I have watched the chair dance for years and years. That is why chairs are set up, in the way they are, like a well planned game. Where one sits, in any given room, tells some of us, how integrated into the meeting you are.

People who attend often, sit in the same seats, week in and week out. There are always seats, set, against the back wall. With rows and rows of seats to choose from, I know that most people won’t sit up front, automatically. They hang back, in the pack, and many people, who sit “on the bubble” populate the row against the back wall.

Yes, that may be the case. But other folks sit in the back row, due to the time of arrival to any specific meeting. Which is why they tell us twenty minutes before and twenty minutes after.

The only way to work your way into a meeting, is to work your way into a meeting.

Reading the book, will come, in time. But it is suggested by good people, that the sooner that you join us, find a job, find a sponsor, read the book, and work your steps, then, and for some, they finally find themselves connected, useful, and happiness comes.

A friend of mine, who has considerable time, said to me tonight, that after all his years in, he finally figured out what Higher Power meant for him. Finding that which is greater than yourself, from a location, outside of ourselves, takes time.

Sometimes it takes a LONG TIME …

But you know, however hard one finds the suggestion … Prayer does work.

Hearing continual stories about how hard some people fight even the thought that prayer is something we should do often, only solidifies the idea that Prayer Does Work.

My friends often tell me how their brains work. Some, often find, that the obsession of
“A drink seeming like a good idea” still persists.

I know, from hearing this from folks, in the middle of the stream, connected, and seeming happy, that when they found the thought of prayer, not such a bad idea, once they begin praying, that obsession of

“A drink seeming like a good idea,” does go away.

The book is written to tell us what our problem is, who we are, and why we are here. It gives us the plan for living, and offers us a spiritual solution that HAS WORKED for millions of people.

I’ve heard what happens, when one comes in, arrogant and shut down, and feels like they just don’t connect, to anyone, or anything, thinking that they will never be happy

SOBER …

Wait for it …

Don’t leave until the miracle happens for you.

A very long time ago, a woman in the rehab connected to the very first meeting I walked into over twenty-five years ago, said that to me …

Stick around until the miracle happens.

Had the people around me, in those meetings, had not bet on my demise, then, others told me to leave and not come back, had someone offered me a way INTO the book and sobriety, like my friends did when I came back the second time,

I would have stuck around, and never left.

But my path was what it became.

Continual attempts at sobriety, coming and going, only lasts so long. One too many passes into a room, then back out of said room, the chances of sticking and staying, grow slim.

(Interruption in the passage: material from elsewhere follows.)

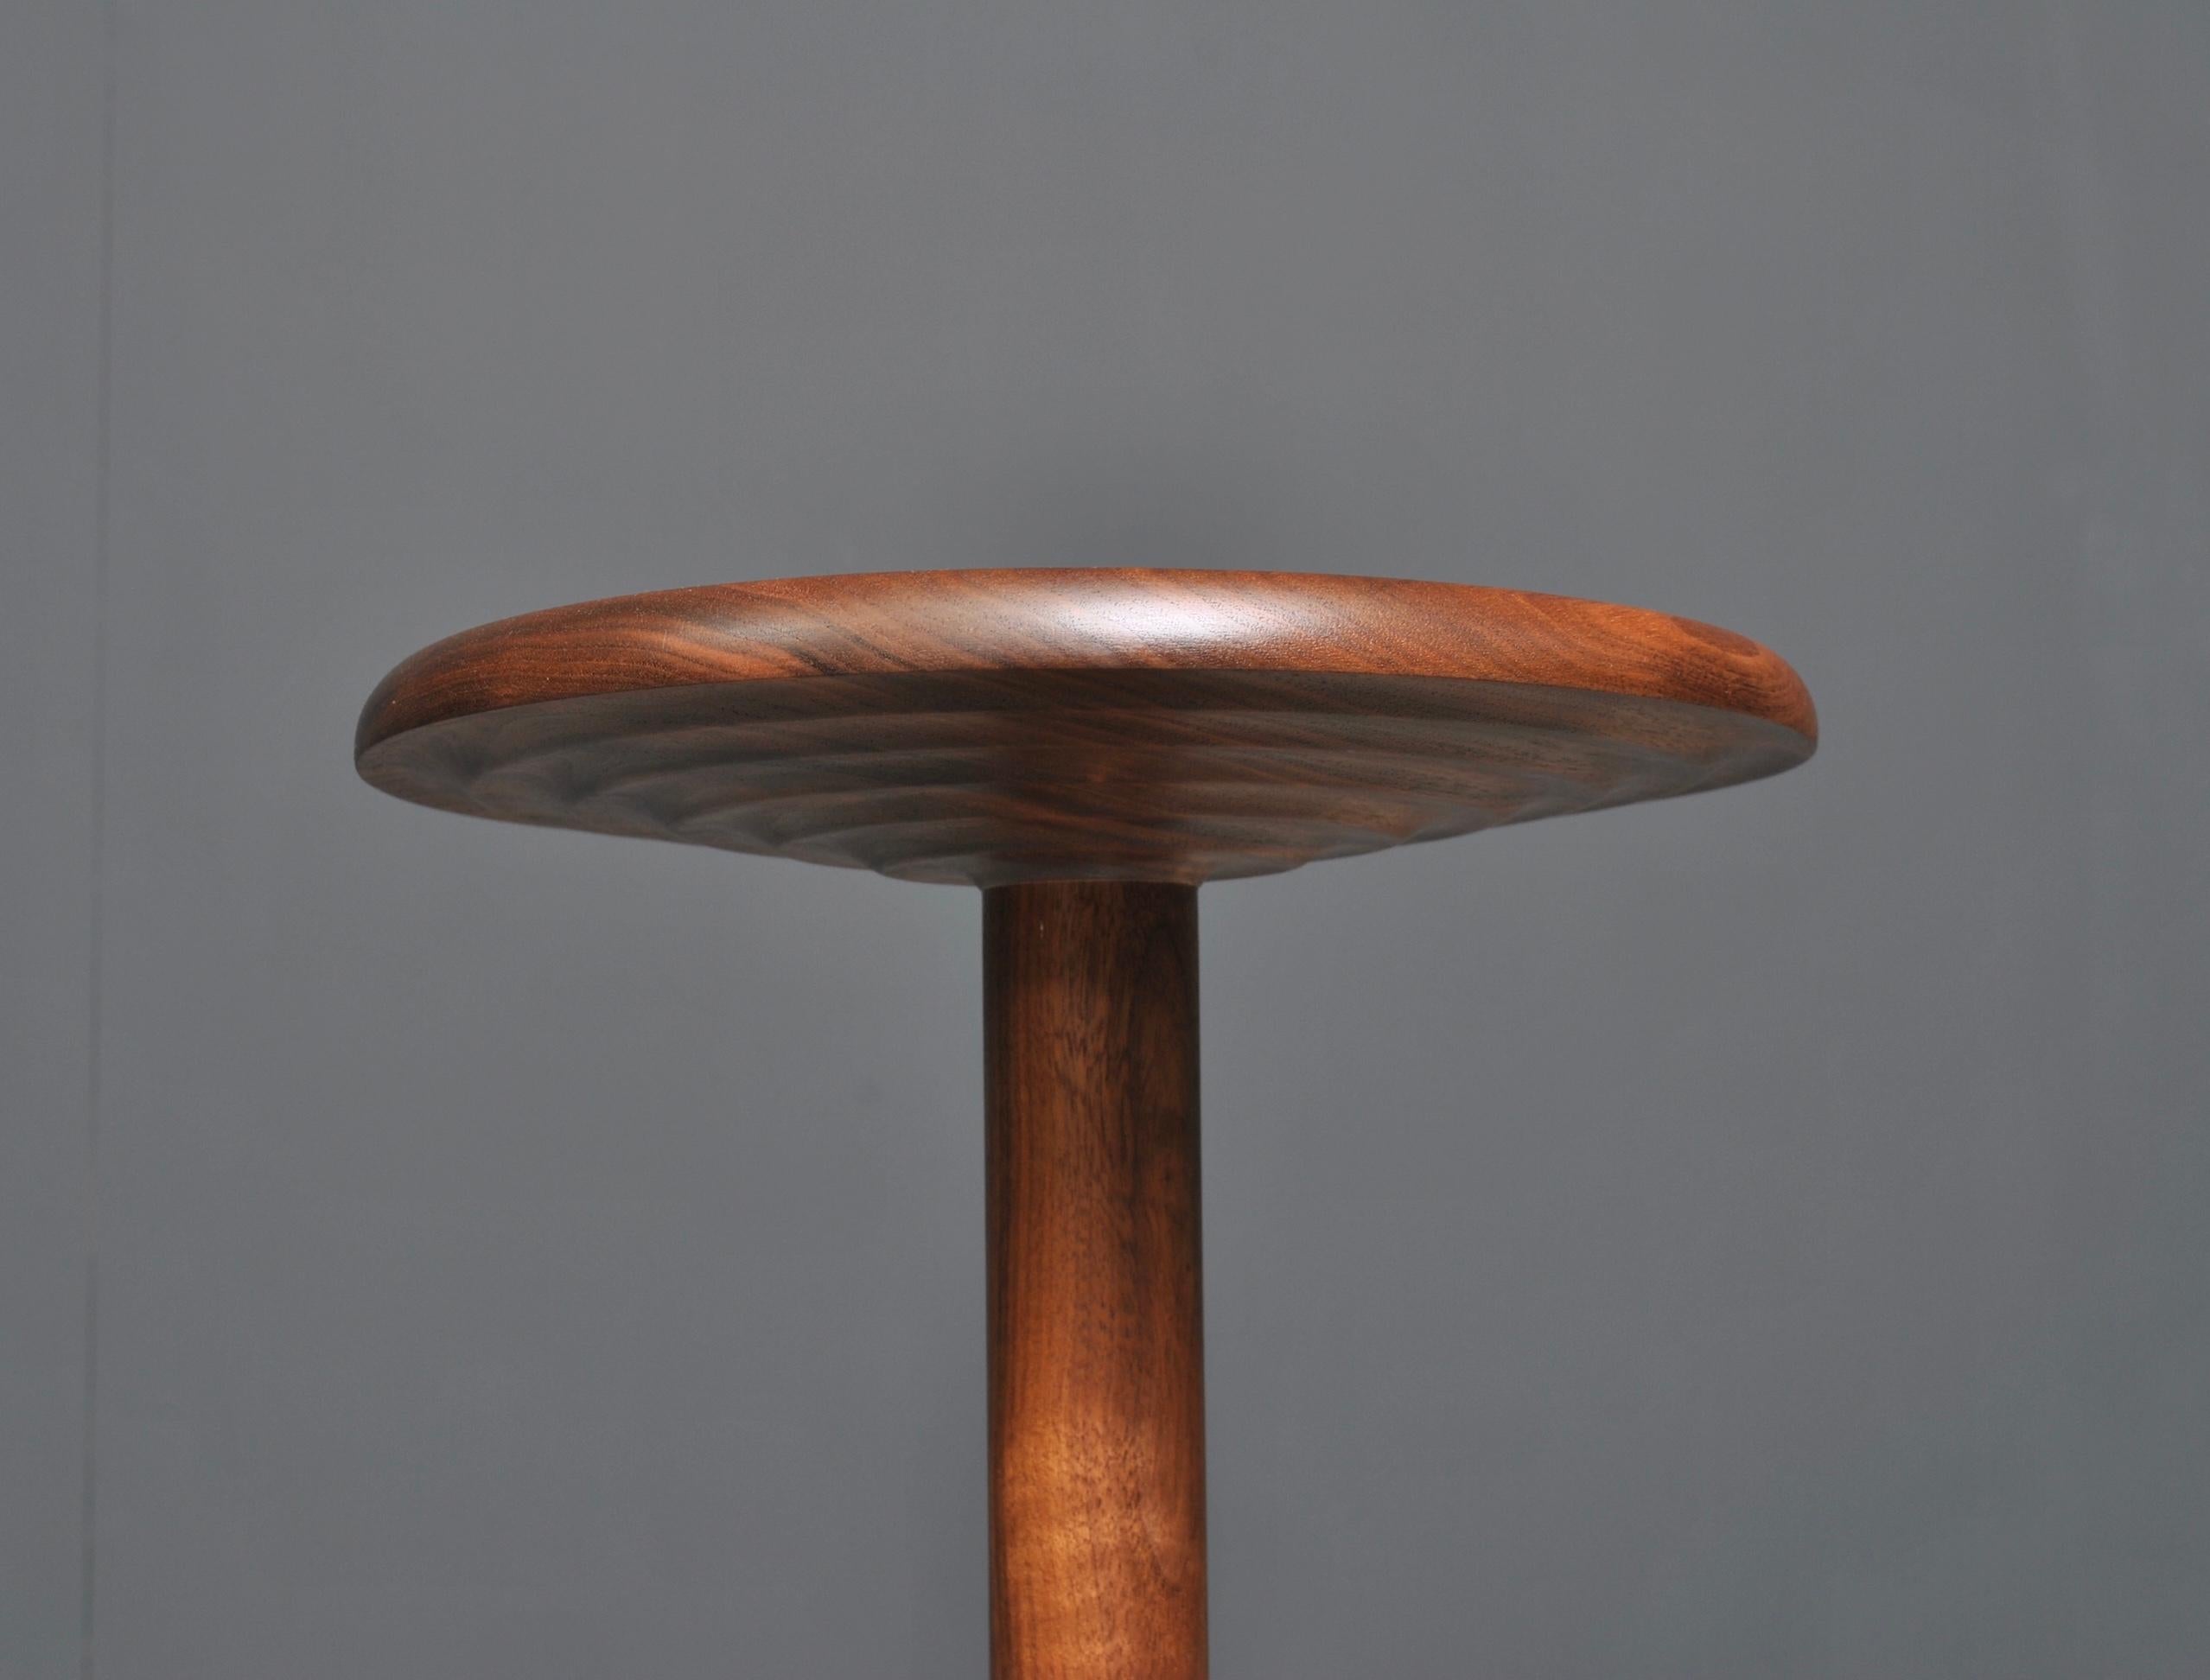 Hand-Crafted Handcrafted Walnut Modernist Side Table

Some people get more than one kick at the can. Some of those who kicked the can, more than once, GET IT. And they sit down and they stay.

Sadly, numbers are not what they used to be.

We know tonight, what happens when being a visitor in a meeting, dies …

The thought that, “A drink sounds like a good idea” takes hold, the obsession returns, and we take our chances, back in the world, that really is not a place, for some, who drank like I did, or like many have, themselves.

If you come to a room, jump in with both feet, and get WET.

You will find your way, I promise you that. The Book Promises that as well.

If only folks took the time to read the book, which is why people like me exist, in the rooms, to read said book with you.

Reading is fundamental.

It was good that when I came back, over the first four months of my sobriety, I was unable to read a book myself, outside of Harry Potter.

So I went to meetings every day, where someone else, read the book TO ME, reading it for everyone, that was sitting in that particular meeting.

I heard the book read. And it stuck for me, because I had no place else to go.

Which is why I am still reading the book, to this very day.

Because, THERE IS A SOLUTION.

The idea that “A drink seems like a good idea” has gone.

Because I do the work required to never get to the point in sobriety that:

A DRINK SEEMS LIKE A GOOD IDEA ….

The Front of The Book

Sober Concept Wooden Letterpress Type

I’ve said this a few days ago, about myself, and tonight, I can safely say, that the thought rings true for many of my friends.

“We don’t know what we don’t know, until we know what it is that we did not know then, that we know now …”

You don’t hear the same information from people who have significant time, but you do hear significant information from men and women who are DEEP IN THE BOOK, in ways that their contemporaries are not.

I am sitting with a young woman who is taking me through the book, through her eyes and experience. Tonight, I heard a friend of mine, a woman, whom I witnessed get sober, from her very first day, say something that I had never heard before.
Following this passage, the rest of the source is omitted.